However that's not really an urgent question.  How we represent
replaces is more pressing.

-- 
Philip

Re: wc-ng base/working nodes in a copied tree

Posted by Greg Stein <gs...@gmail.com>.

Excluded in the wc is just that. It does not mean "delete upon commit." We
have other statii to mean that.

Imagine a local-copy of a large tree, simul with excluding a large portion
so that u don't have to keep/copy as much locally. That doesn't mean
"delete". It is simply an organizational mechanism.

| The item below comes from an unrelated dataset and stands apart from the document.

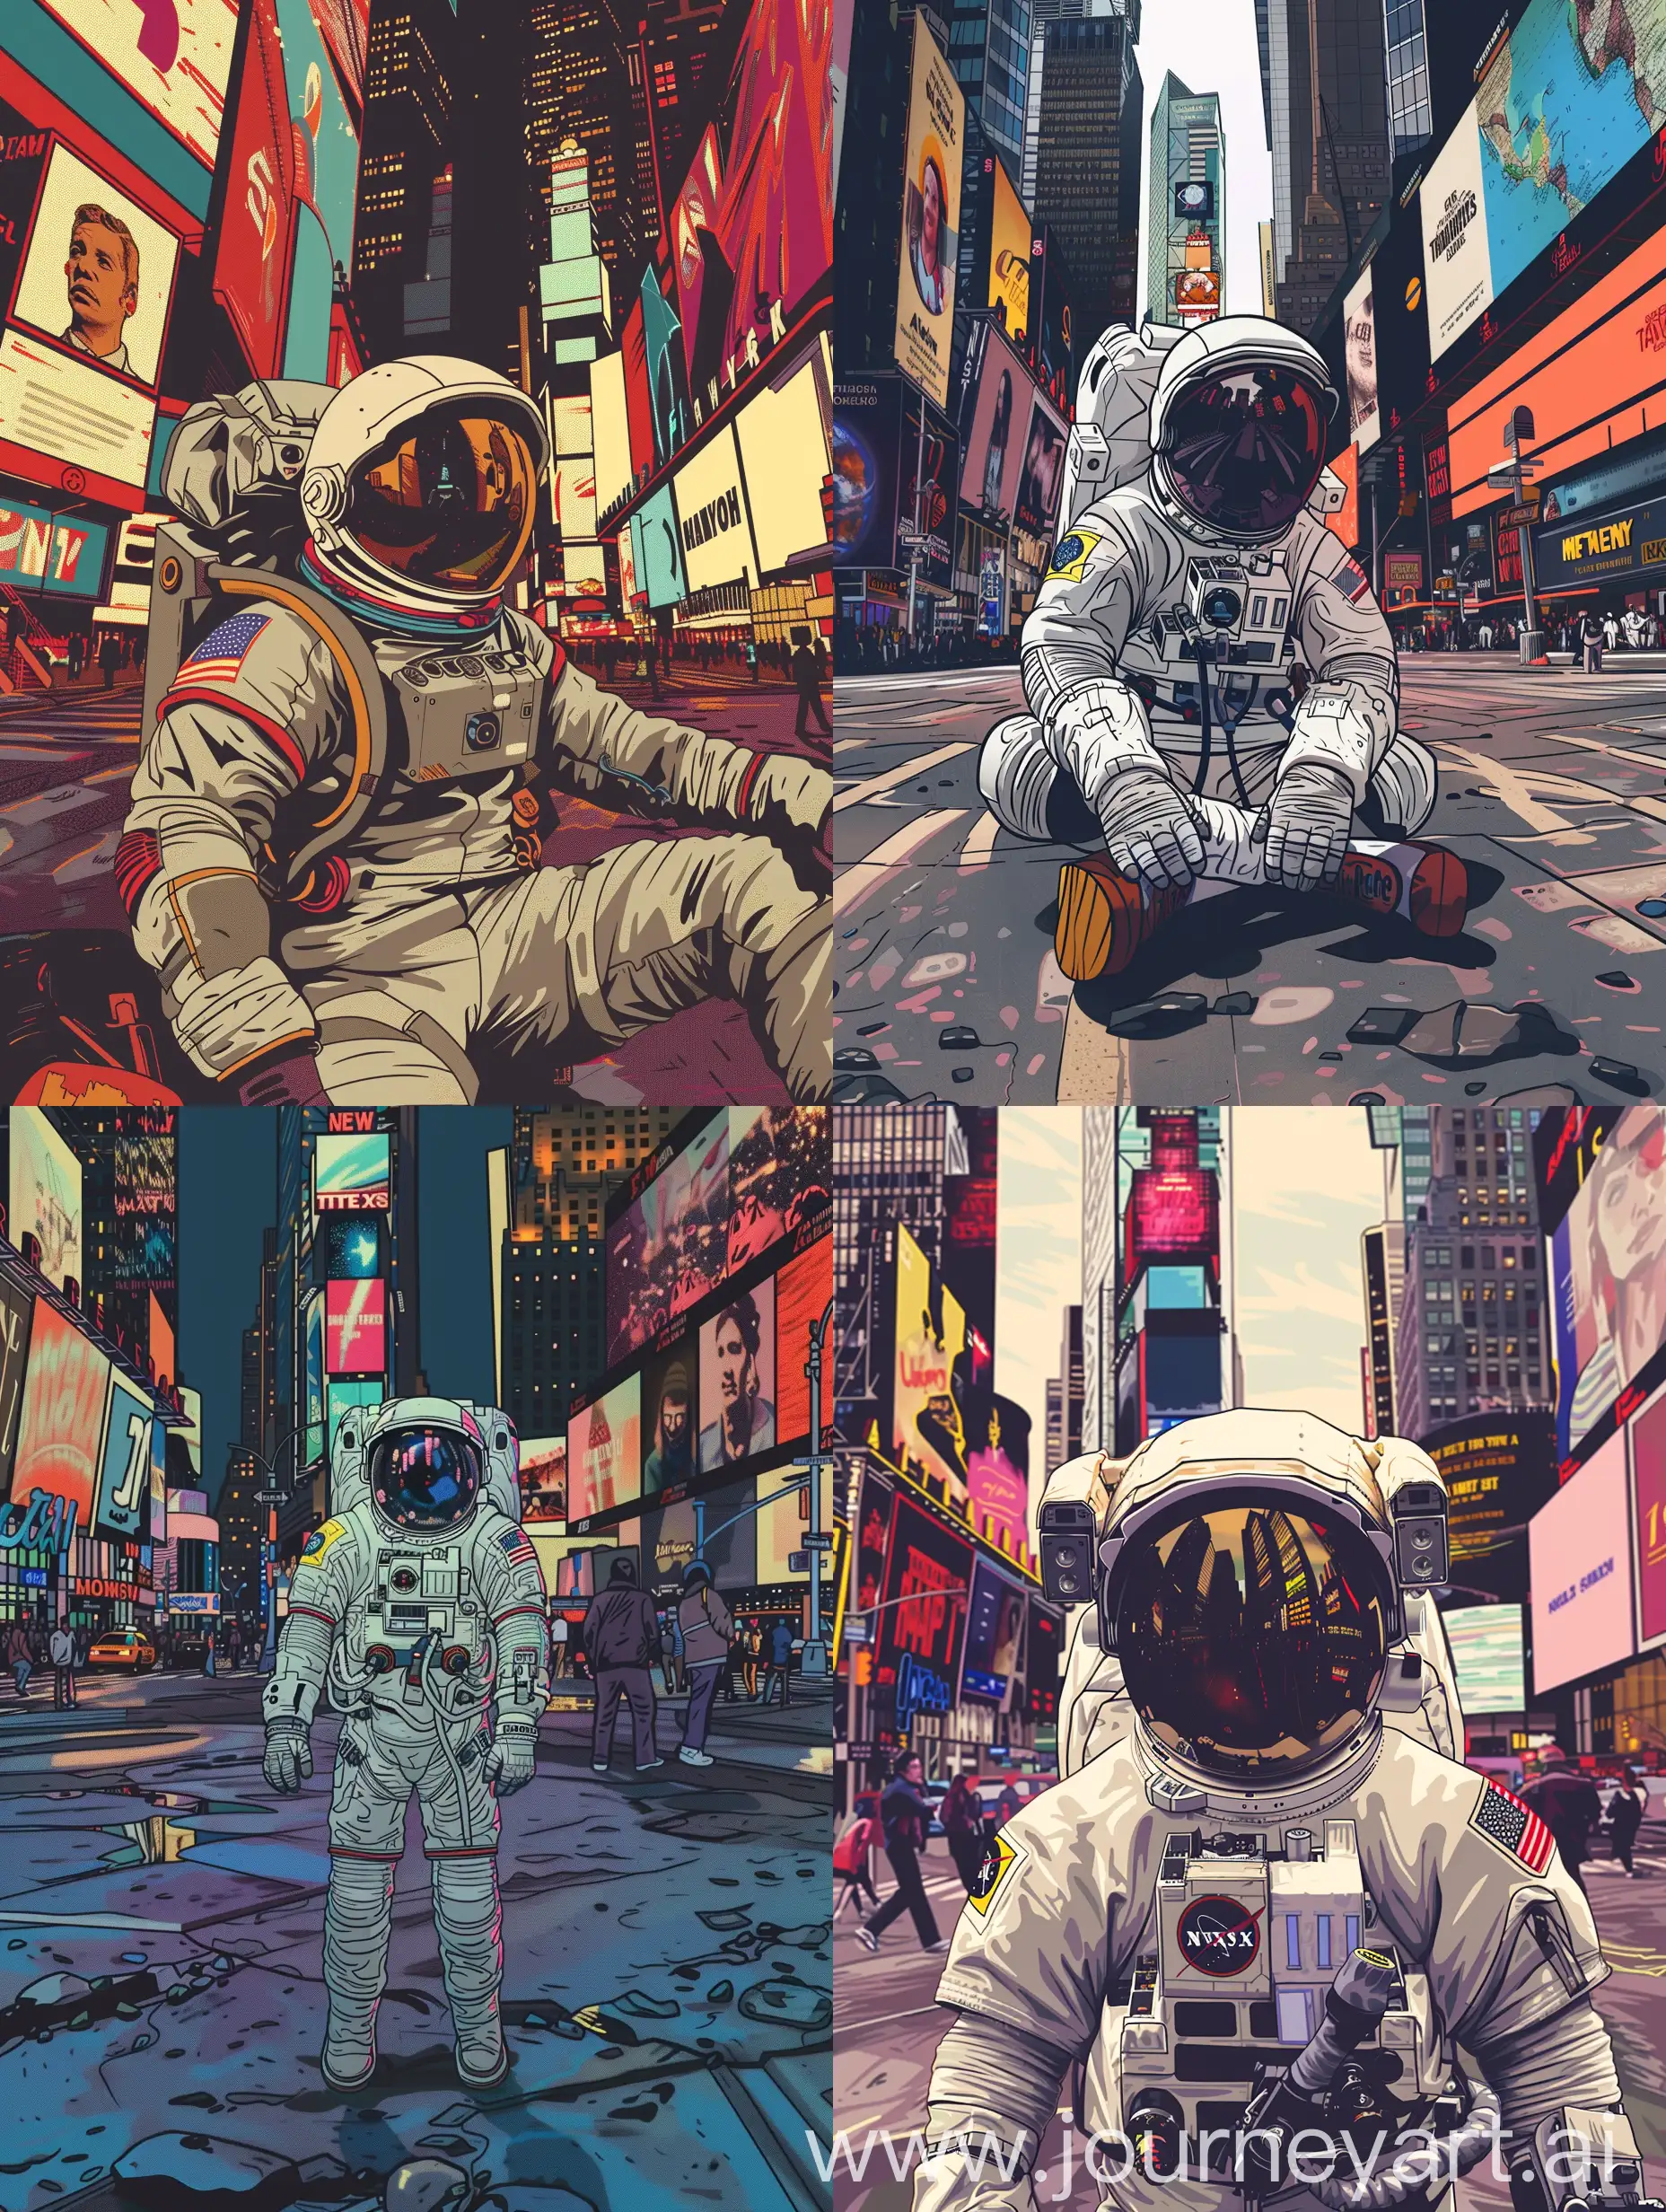 Lost-Astronaut-in-Times-Square-New-York-Urban-Isolation-and-Wonder

On Apr 7, 2010 5:44 AM, "Philip Martin" <ph...@wandisco.com> wrote:

Greg Stein <gs...@gmail.com> writes:

> > Another problem is a copy of a mixed revision tree that includes base
> > nodes that are not-pre...

> on phone, so this will be terse, but wanted you to consider: I'd thought
> about the copy-of-not-p...
If the source has both excluded and not-present nodes, do we need to
distinguish them in the copy?  Would we delete all the excluded nodes
in the copy when committing?  There was a thread a few months ago
where a user reported that a wc-to-repo copy of a sparse working copy
didn't result in a sparse copy and asked if this was a bug; we didn't
really reach a consensus about what would be the correct behaviour.

--
Philip

Re: wc-ng base/working nodes in a copied tree

Posted by Greg Stein <gs...@gmail.com>.

On Wed, Apr 7, 2010 at 05:44, Philip Martin <ph...@wandisco.com> wrote:
> Greg Stein <gs...@gmail.com> writes:
>
>> > Another problem is a copy of a mixed revision tree that includes base
>> > nodes that are not-present.  In 1.6 we represent these as "fake"
>> > schedule deletes in the copy, so that they are explicitly deleted when
>> > the copy is committed.  This works but has problems, the main one
>> > being that if one tries to revert the delete the full node information
>> > is not available (because the not-present source doesn't have it).
>> > Perhaps we should have a distinct presence for this type of node?
>> > There are similar questions about absent and excluded nodes.
>>
>> on phone, so this will be terse, but wanted you to consider: I'd thought
>> about the copy-of-not-present case, and think we should actually represent
>> those nodes as excluded.
>
> If the source has both excluded and not-present nodes, do we need to
> distinguish them in the copy?  Would we delete all the excluded nodes
> in the copy when committing?  There was a thread a few months ago
> where a user reported that a wc-to-repo copy of a sparse working copy
> didn't result in a sparse copy and asked if this was a bug; we didn't
> really reach a consensus about what would be the correct behaviour.

Ignoring my "convert not-present to excluded" concept...

I think excluding a node is just cleaning up your working copy, but
those nodes participate in any ancestor operation (delete, move,
copy).

Note that we don't have a copy-with-depth operation at the moment, but
I think we could do so in the future. e.g copy immediates, with sets
child dirs to depth=empty. or copy files which sets child dirs to
excluded. In these cases, the children are still "there", but just not
in the working copy.

Cheers,
-g

Re: wc-ng base/working nodes in a copied tree

Posted by Philip Martin <ph...@wandisco.com>.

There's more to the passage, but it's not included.